Researchers also have learned lessons from the effects of diabetes drugs on cancer. For example, the diabetes drug metformin actually lowers risk of cancer diagnosis and death, although no one knows exactly why.
Janice Huss, Ph.D., assistant professor in the Division of Gene Regulation and Drug Discovery, is studying how metformin helps muscle cells get energy from blood sugar. She and her colleagues know metformin acts by influencing a protein called AMP- activated protein kinase, or AMPK, but now they want to discover whether activating AMPK might stifle breast, colon, prostate and other cancers.
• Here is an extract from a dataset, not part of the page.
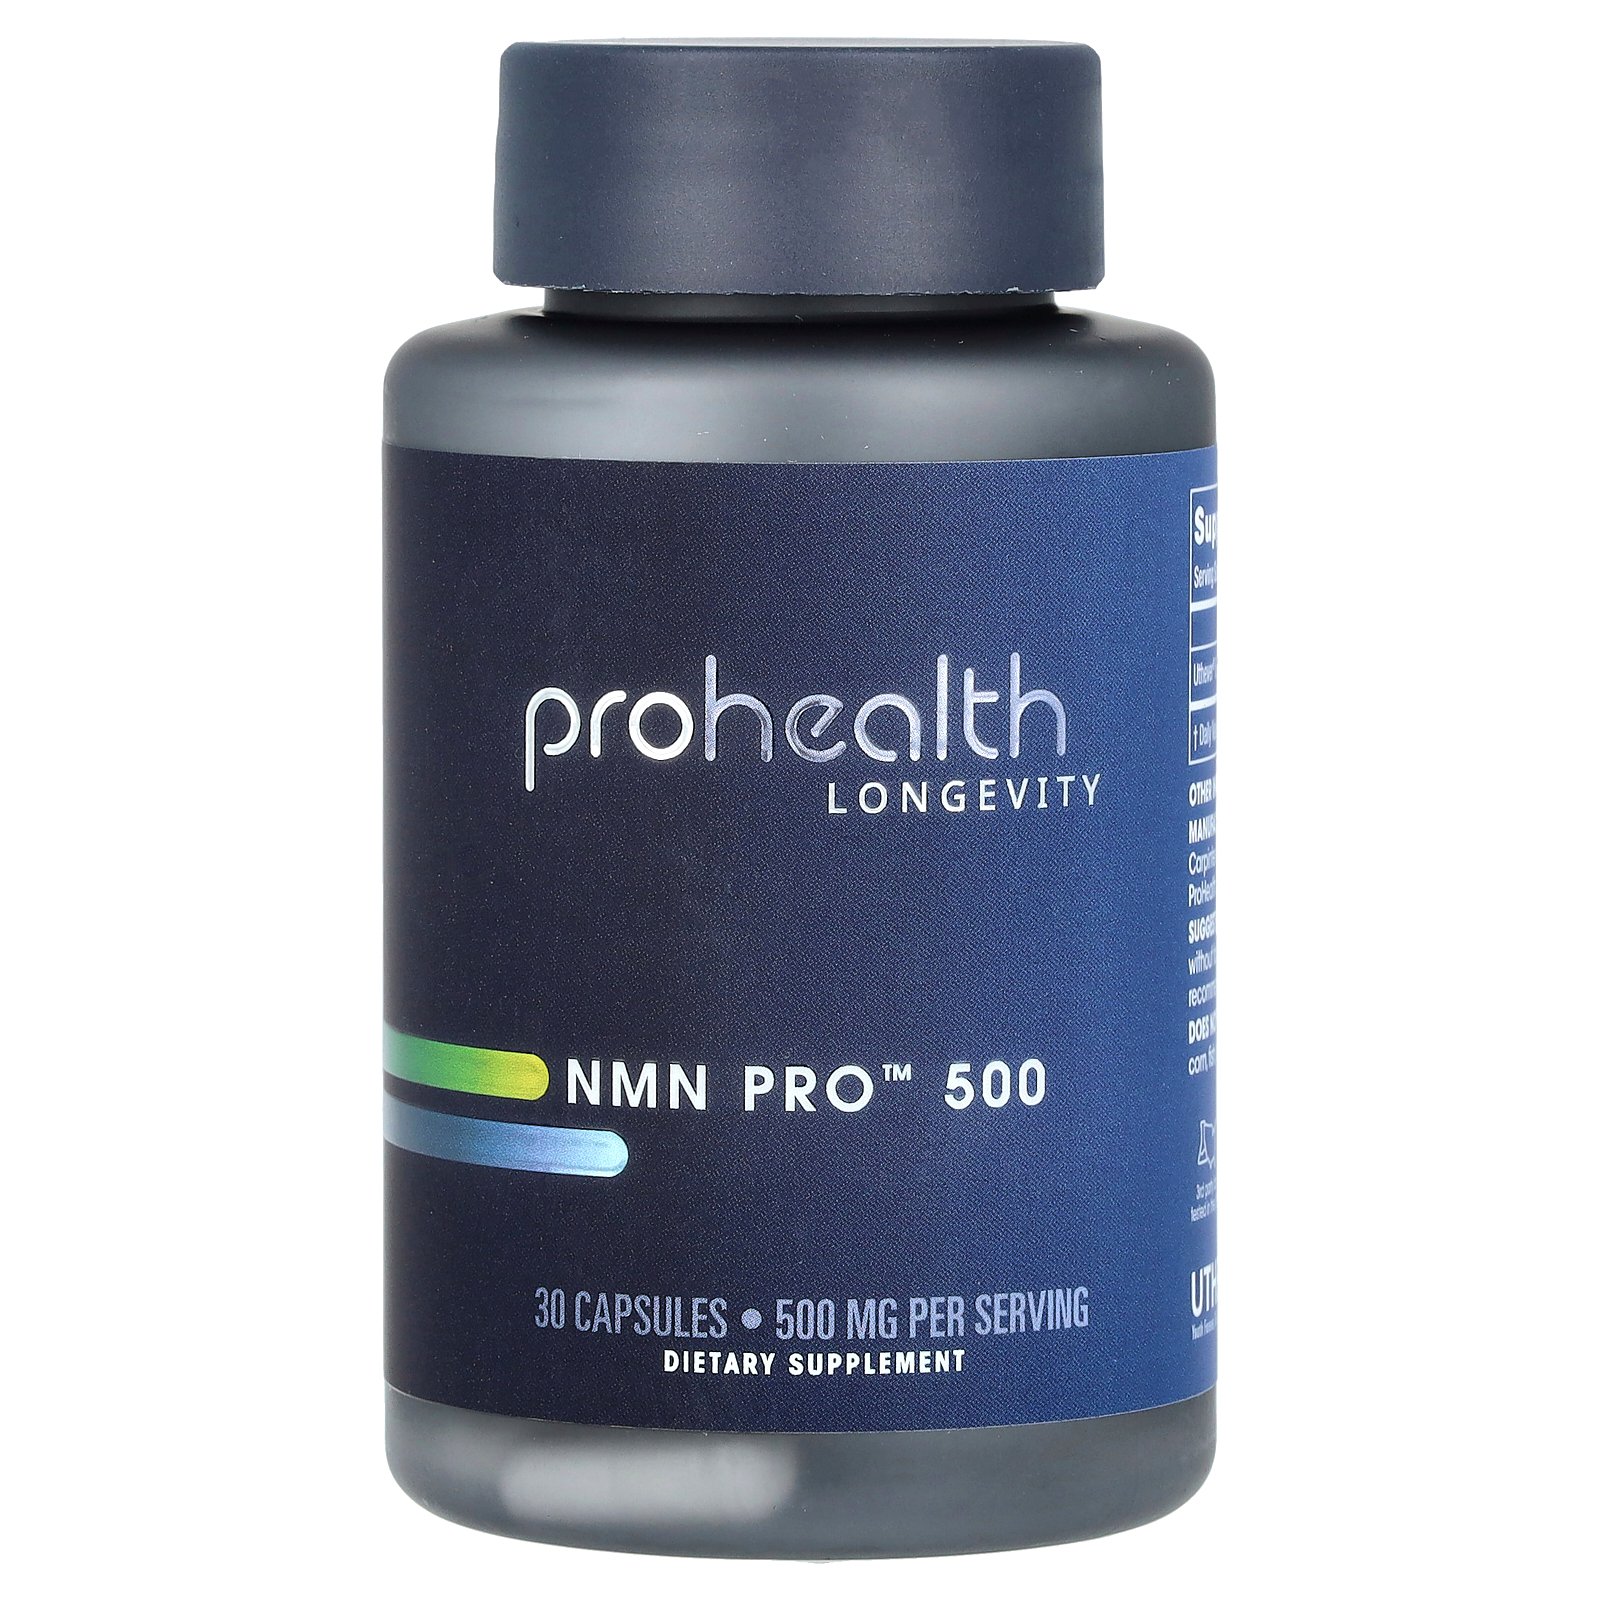 ProHealth Longevity NMN プロ 500  プロヘルス ロンジェヴィティ ニコチンアミドモノヌクレオチド ビタミン B ビタミンB3 ナイアシン NAD サプリ サプリメント カプセル 500mg 30粒

Sometimes just bringing diabetes and cancer specialists together in one place — City of Hope — encourages creative ideas with great potential.
Take Rahbar and brain cancer specialist Behnam Badie, M.D., for example. Rahbar told Badie about his research into advanced glycation endproducts, toxic byproducts that result from excess sugar in the blood of those with diabetes. These chemicals can cause inflammation and lead to many diabetes complications, and Rahbar is studying a compound that fights that inflammatory response.
The conversation gave Badie an idea, because a chemical related to the byproducts is active around glioma, the most common brain cancer. Now Badie has partnered with Natarajan to study how glioma might use the chemical to protect itself from the immune system.
That kind of creativity is yielding important scientific connections that will make a difference. As Natarajan put it, “City of Hope’s commitment to sharing ideas and collaboration across different medical practices opens doors to different perspectives and new avenues of research one might not have considered before.”